Time Value of Money

Introduction to Money

A great many of the financial transactions done by ordinary people, you and I, involve paying or receiving money early and receiving or paying money back later. For example, financing the purchase of a home entails receiving money now and paying money back later.

On the other hand, buying mutual fund shares entails the paying out money now and receiving money back later. The same is true, either paying or receiving, about life insurance, bank savings account, invest in real estate, decide to lease rather than buying a car, etc. etc.

All these everyday life deals center on the time value of money. They arise in all fields of business and personal finance planning, real estate, marketing, investments, accounting, insurance, banking, and many other fields.

Some people erroneously believe that a dollar is a dollar is a dollar. The fact is dollars to be paid or received in different time periods have different values. To receive the money, many people would prefer to receive it as soon as they can. On the same token, they would prefer to pay money as late as they can. For most people, that's intuitive.

The Role of Interest - Since a given sum of money due in different time periods does not have the same value, a tool is needed in order to make the different values comparable. That tool is interest, which can be viewed as a way of quantifying the opportunity cost incurred by one who waits to receive money or who give up the opportunity to delay paying it.

For example, if you deposit $1,000 in a savings account and leave it there for one year, you expect to have more than $1,000 in the account at the end of that time. You expect your account to earn interest. You delayed the use of your money and, instead, allowed the bank to use it. You incurred an opportunity cost. The interest the bank gives you is compensation to you for having done so.

Now reverse the situation. Let's say you took out a loan from a bank which will mature in one year, at which time you are obligated to pay $1,000.  However, if you repay the loan today, one year early, you believe you should be required to pay less than the full $1,000. If you forgo the opportunity to delay the repayment, you should be compensated in return by having the amount payable reduced.

Interest Rate - The specific interest rate that should be used to quantify opportunity cost consists of two components: a risk-free rate and a risk premium. At a minimum, the opportunity cost of letting someone else use your money is the rate of return you could have earned by investing it in a perfectly safe instrument.

Here, we have taken up the case of risk-free rate. A reasonable measure of this minimum opportunity cost is the rate of interest available on three-month U.S. Treasury bills which are risk-free.

Simple Interest vs. Compund Interest - There are two ways of computing interest. Simple interest is computed by applying an interest rate to only an original principal sum. Compound interest is computed by applying an interest rate to the total of an original sum and all interest credited to it in earlier time periods.

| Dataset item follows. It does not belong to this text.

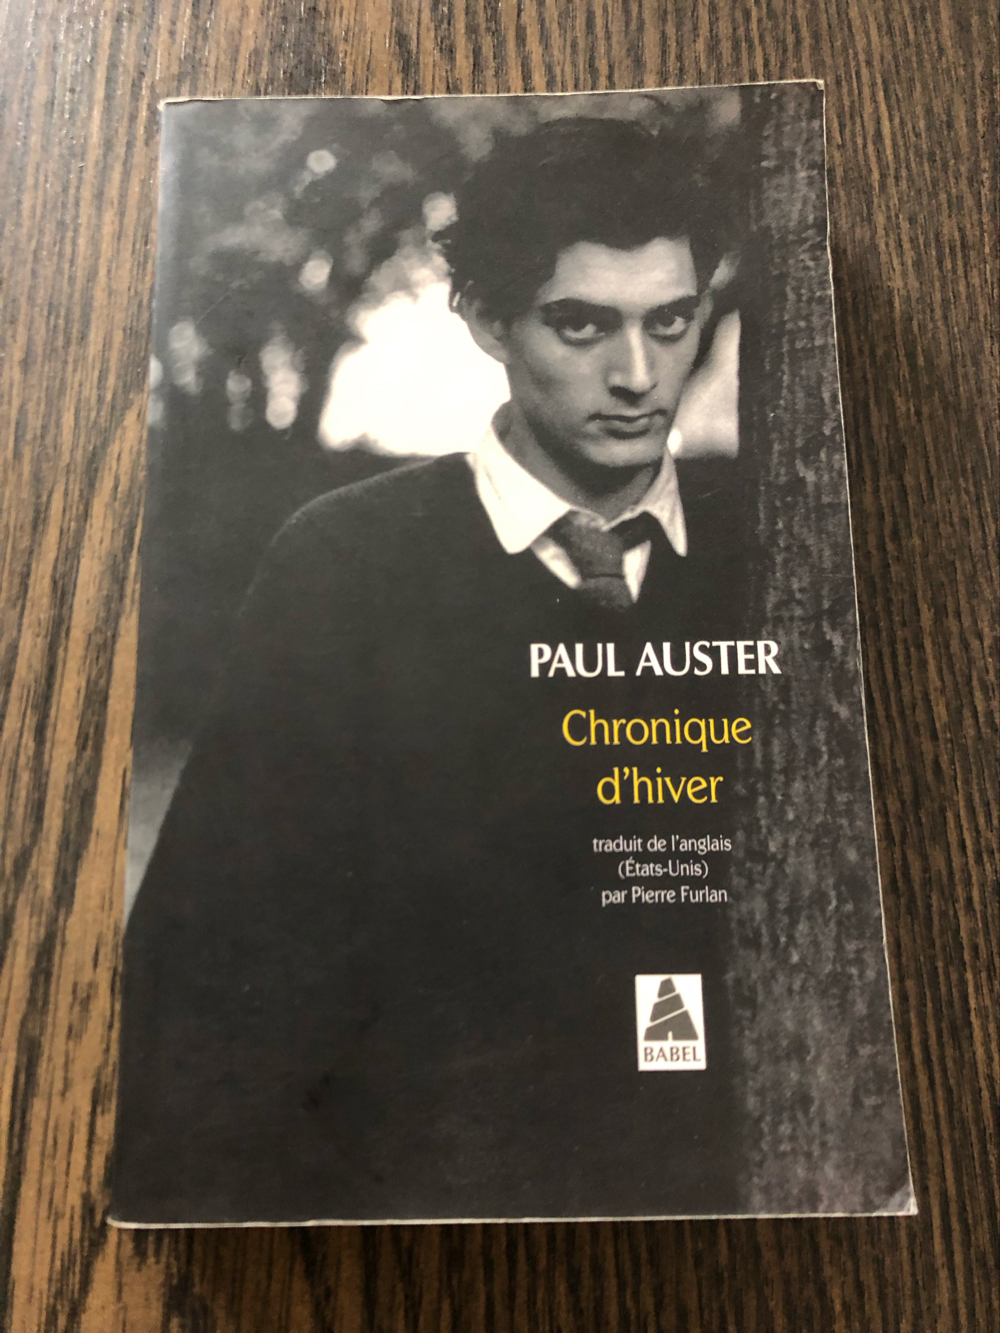 Chronique d'hiver, Paul Auster

Future Value of a Single Sum (FVSS) - The most frequently encountered and easiest to understand application of the time-value-of-money concept involves the future value of a single sum. Determination of a future value of a sum of money entails a process of compounding, or increasing, the present value at some interest rate for some period of time.

Basic Time-Value Formula - The most common example is the growth of a sum placed in an interest-bearing savings account. The basic formula for computing the future value of a single sum of money, from which all other time-value formulas are derived, is the following:

FVSS = PVSS (1+i) to the power of n.

Where
FVSS = Future Value of a Single Sum
PVSS = Present Value of a Single Sum
        i = Compound periodic interest rate, expressed as a decimal
       n = Number of periods during which compounding occurs

That is, add the interest rate in decimal to one and raise this sum to a power equal to the number of periods during which the compunding occurs. Then, multiply the result by the present value of the single sum or deposit in question to compute the future value of that sum.

For example, you deposit $5,000 in a new savings account that will earn 9% compound annual interest for nine years.

So, FVSS = 5000 * (1+0.09) to power of 9.
Pick up a calculator and when you solve it, you should get $10,859.47

You will more than double your money if you deposit it for 9 years at 9% compounded interest.

Another safe way to double your money is to fold it over once and put it in your pocket.